# Exercise requirements:
If a record holds a picture, leave the picture out and copy everything else exactly.
Data supplied Start Marker
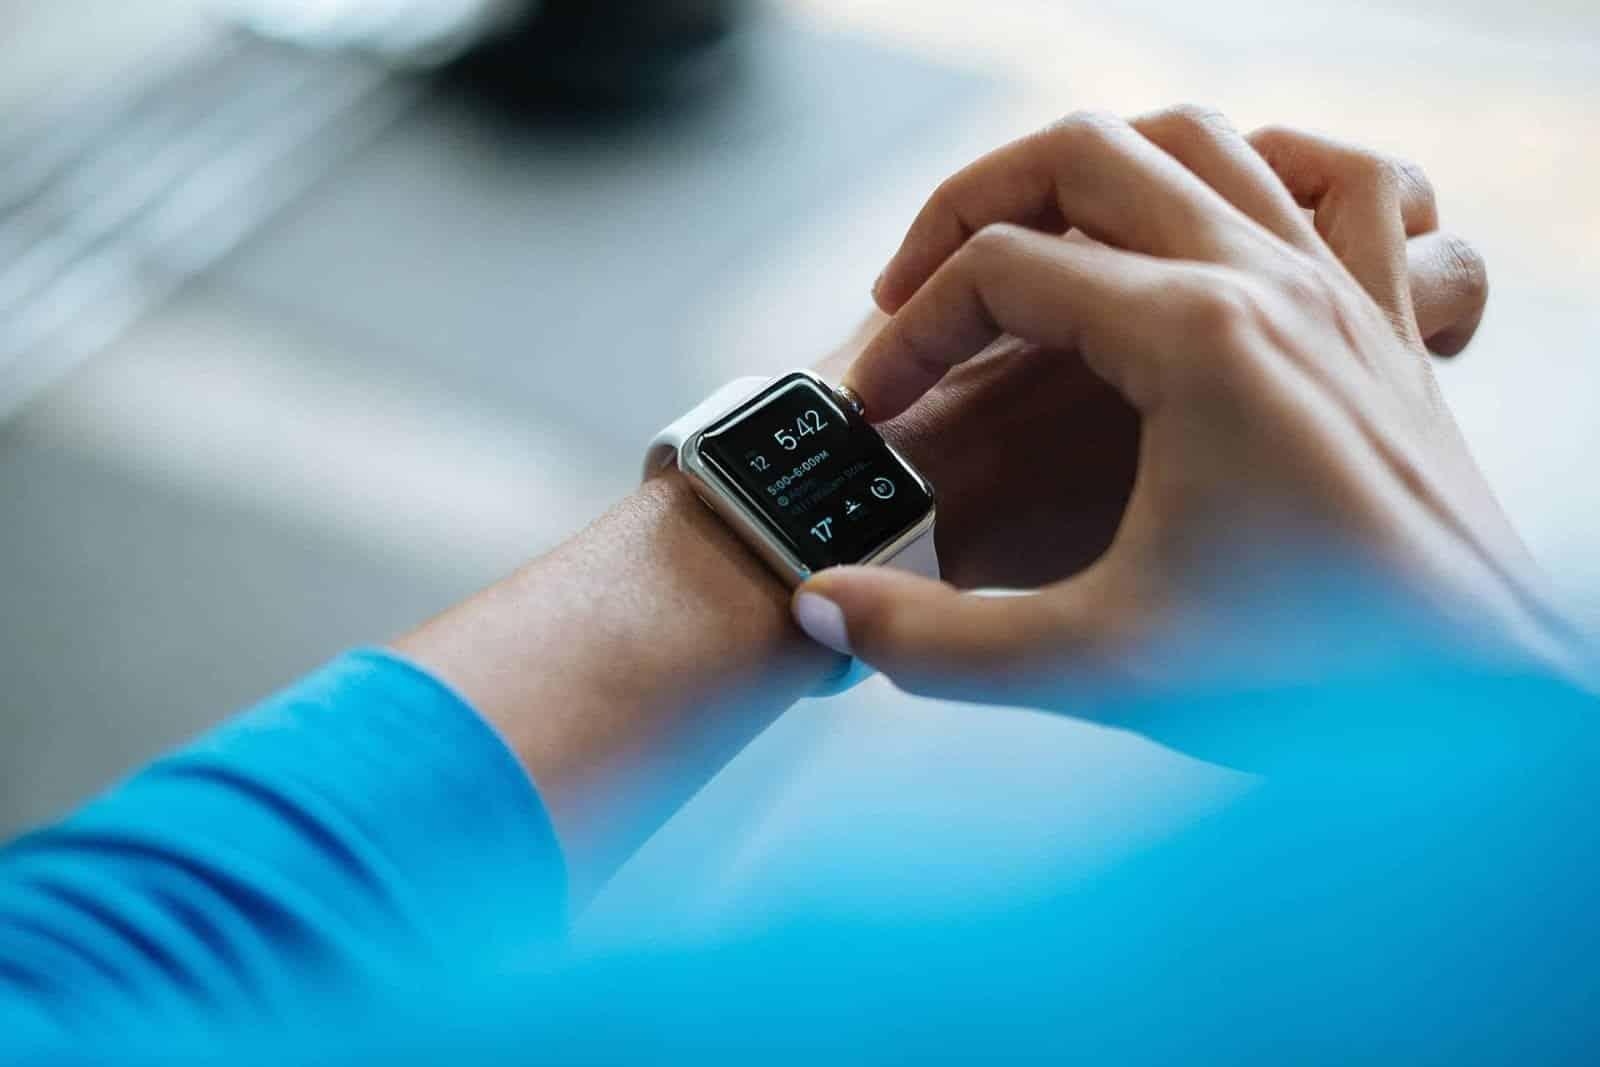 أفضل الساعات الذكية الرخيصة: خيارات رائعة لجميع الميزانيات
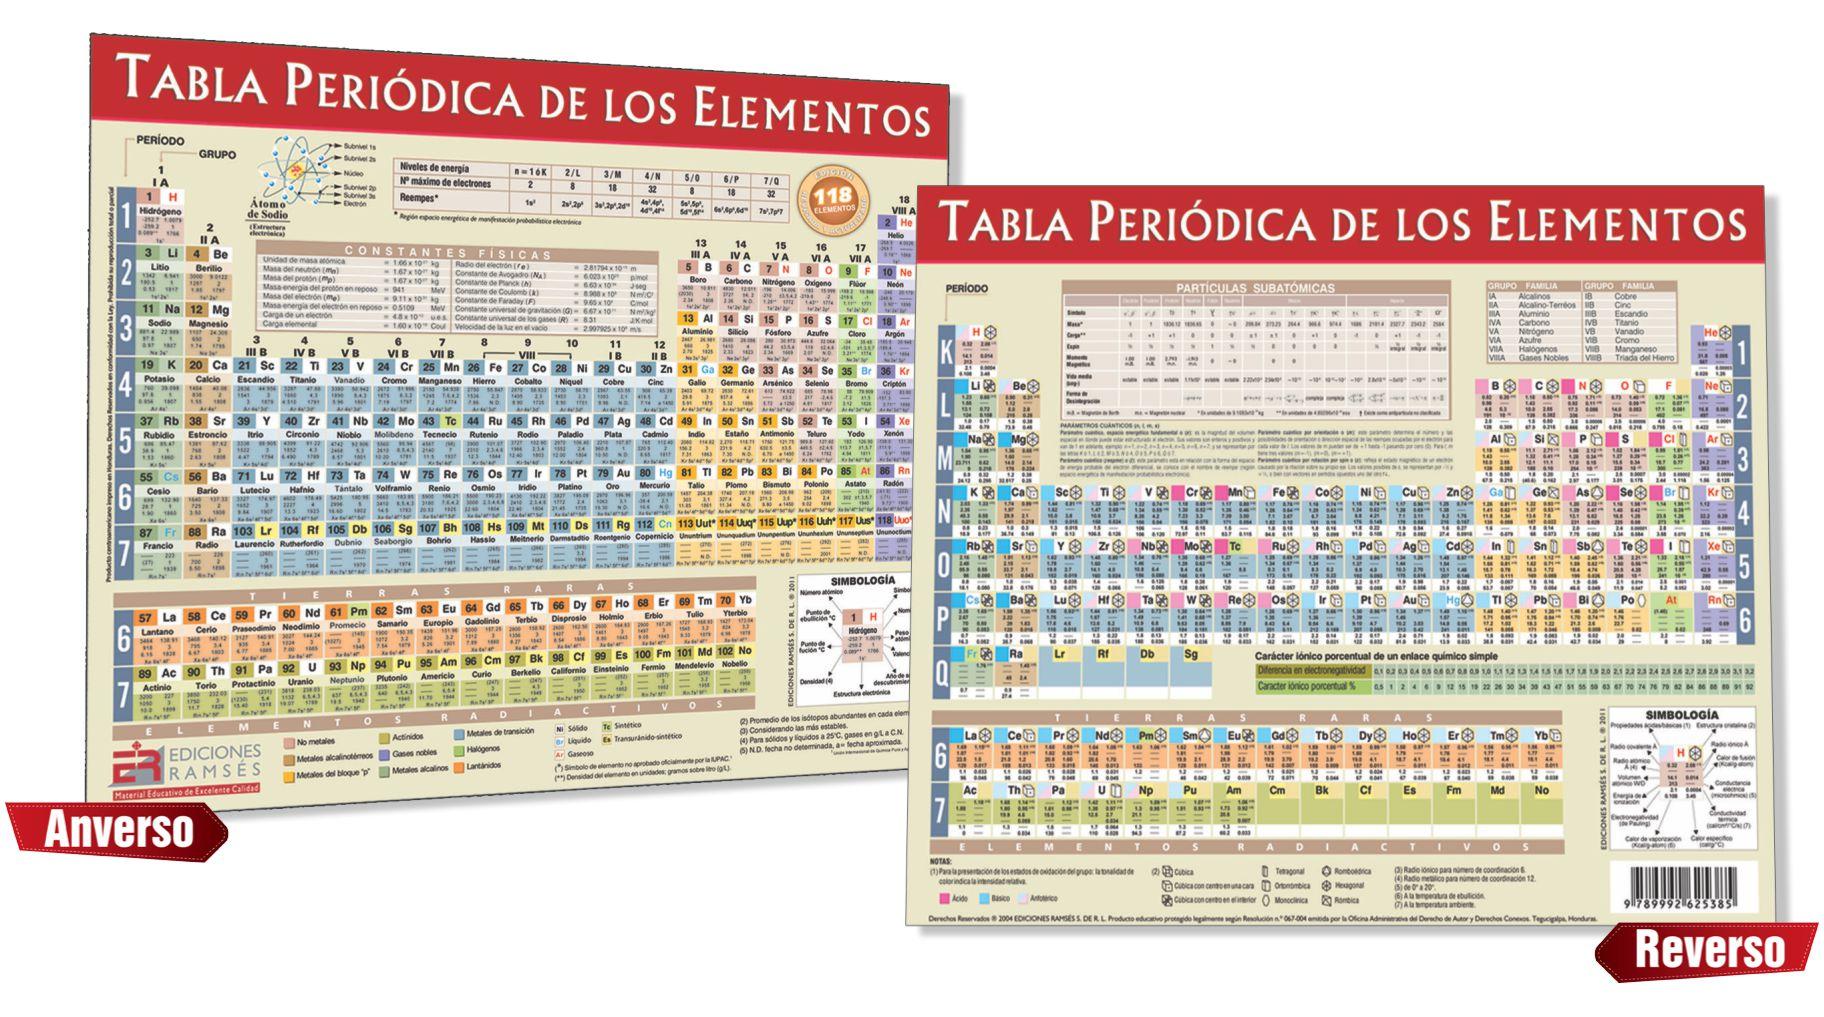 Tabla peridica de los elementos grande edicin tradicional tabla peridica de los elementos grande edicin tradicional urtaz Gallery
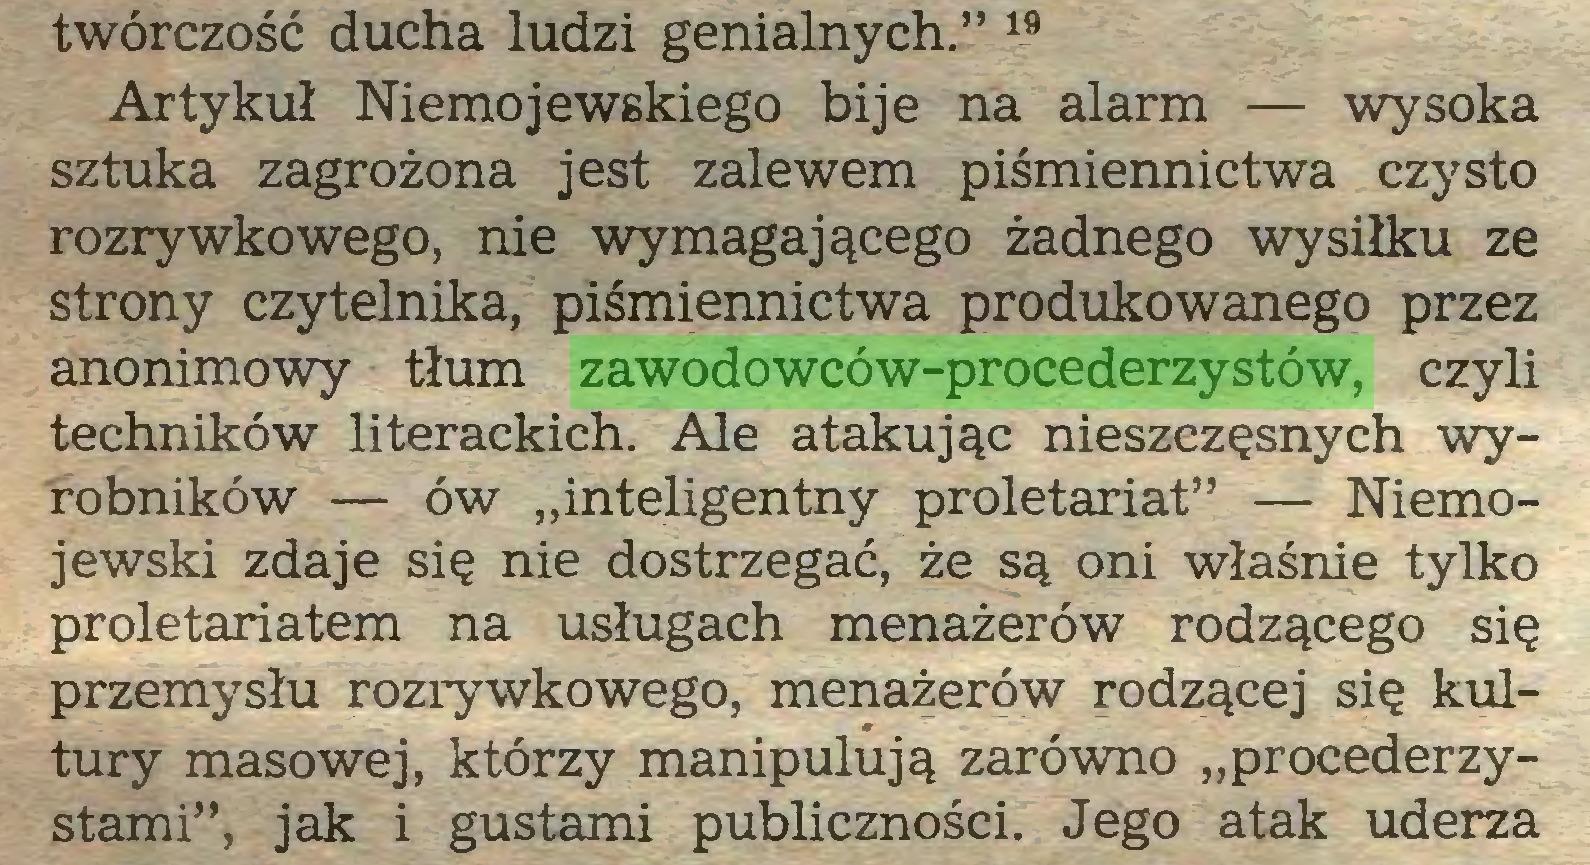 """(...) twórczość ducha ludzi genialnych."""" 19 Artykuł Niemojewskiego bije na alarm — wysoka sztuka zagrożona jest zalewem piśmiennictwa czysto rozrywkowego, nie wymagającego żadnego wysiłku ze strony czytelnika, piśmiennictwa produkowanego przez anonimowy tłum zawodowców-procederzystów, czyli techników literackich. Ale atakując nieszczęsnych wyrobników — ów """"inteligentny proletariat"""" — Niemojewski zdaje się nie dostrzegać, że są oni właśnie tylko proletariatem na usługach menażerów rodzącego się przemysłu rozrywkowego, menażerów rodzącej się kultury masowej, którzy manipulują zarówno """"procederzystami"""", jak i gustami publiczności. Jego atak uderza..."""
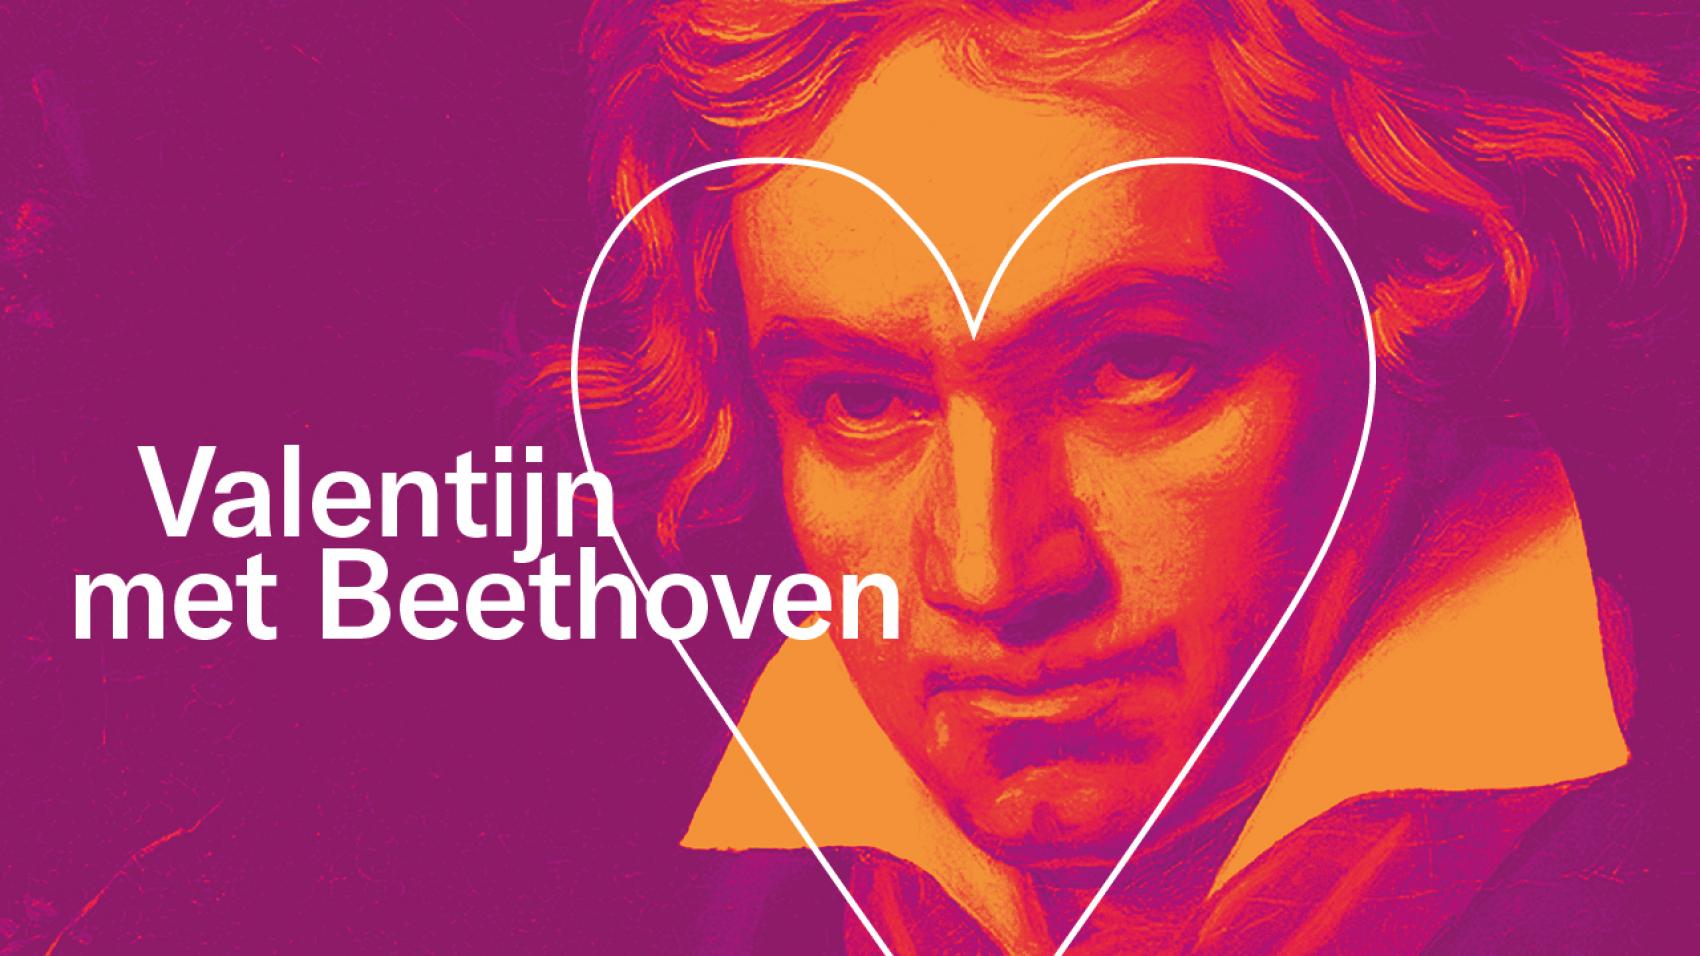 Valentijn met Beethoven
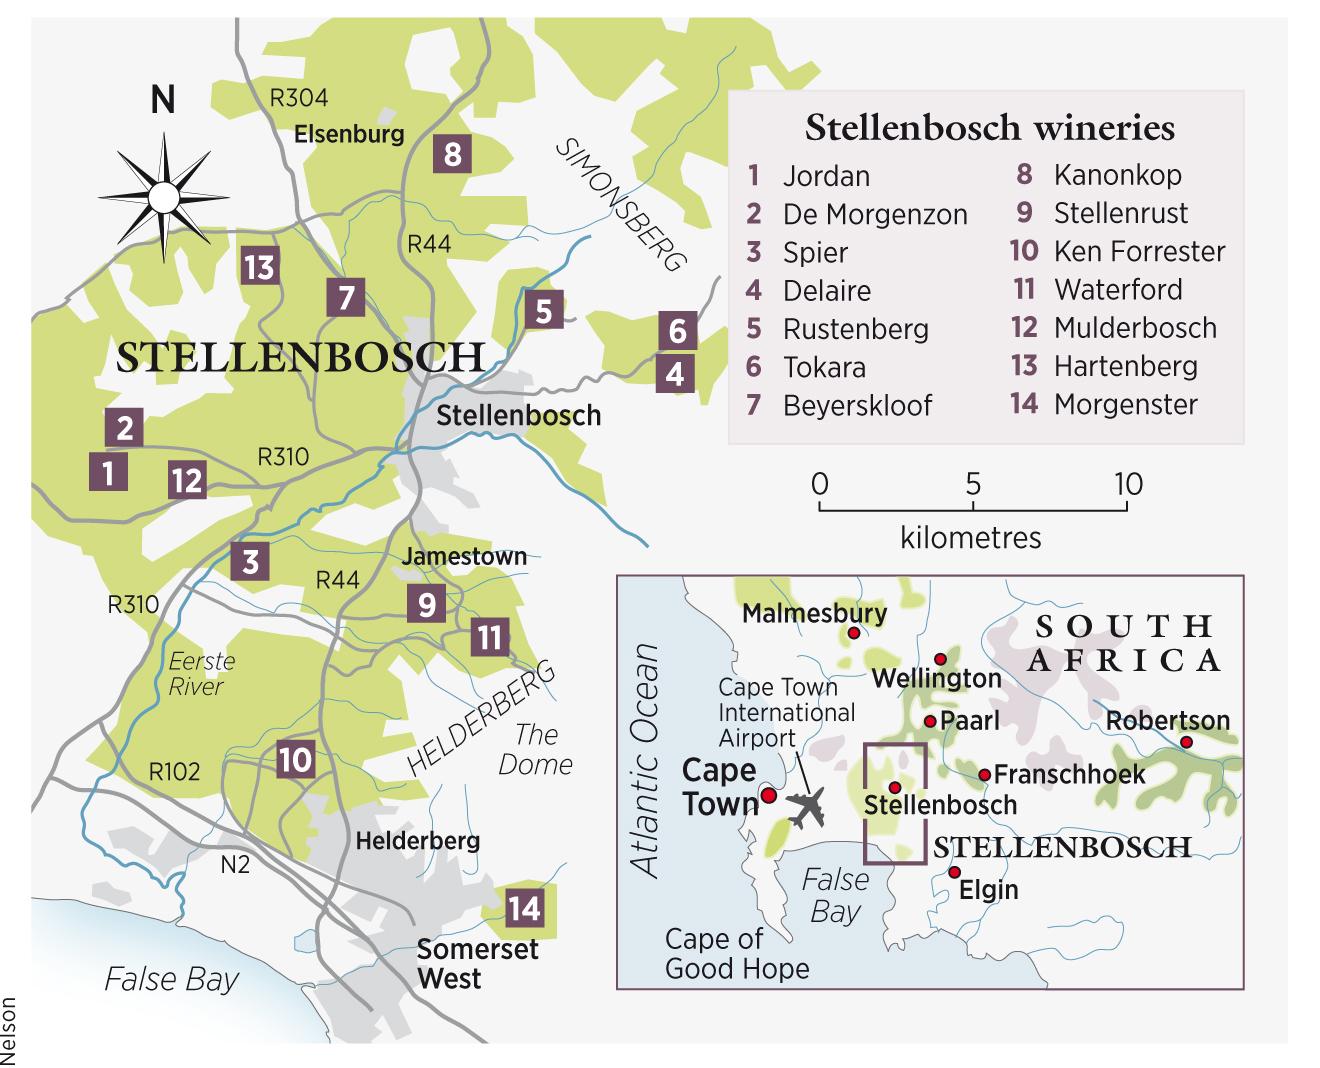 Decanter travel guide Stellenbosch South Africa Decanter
Data supplied End Marker
# Reply:
 أفضل الساعات الذكية الرخيصة: خيارات رائعة لجميع الميزانيات
 Tabla peridica de los elementos grande edicin tradicional tabla peridica de los elementos grande edicin tradicional urtaz Gallery
 """(...) twórczość ducha ludzi genialnych."""" 19 Artykuł Niemojewskiego bije na alarm — wysoka sztuka zagrożona jest zalewem piśmiennictwa czysto rozrywkowego, nie wymagającego żadnego wysiłku ze strony czytelnika, piśmiennictwa produkowanego przez anonimowy tłum zawodowców-procederzystów, czyli techników literackich. Ale atakując nieszczęsnych wyrobników — ów """"inteligentny proletariat"""" — Niemojewski zdaje się nie dostrzegać, że są oni właśnie tylko proletariatem na usługach menażerów rodzącego się przemysłu rozrywkowego, menażerów rodzącej się kultury masowej, którzy manipulują zarówno """"procederzystami"""", jak i gustami publiczności. Jego atak uderza..."""
 Valentijn met Beethoven
 Decanter travel guide Stellenbosch South Africa Decanter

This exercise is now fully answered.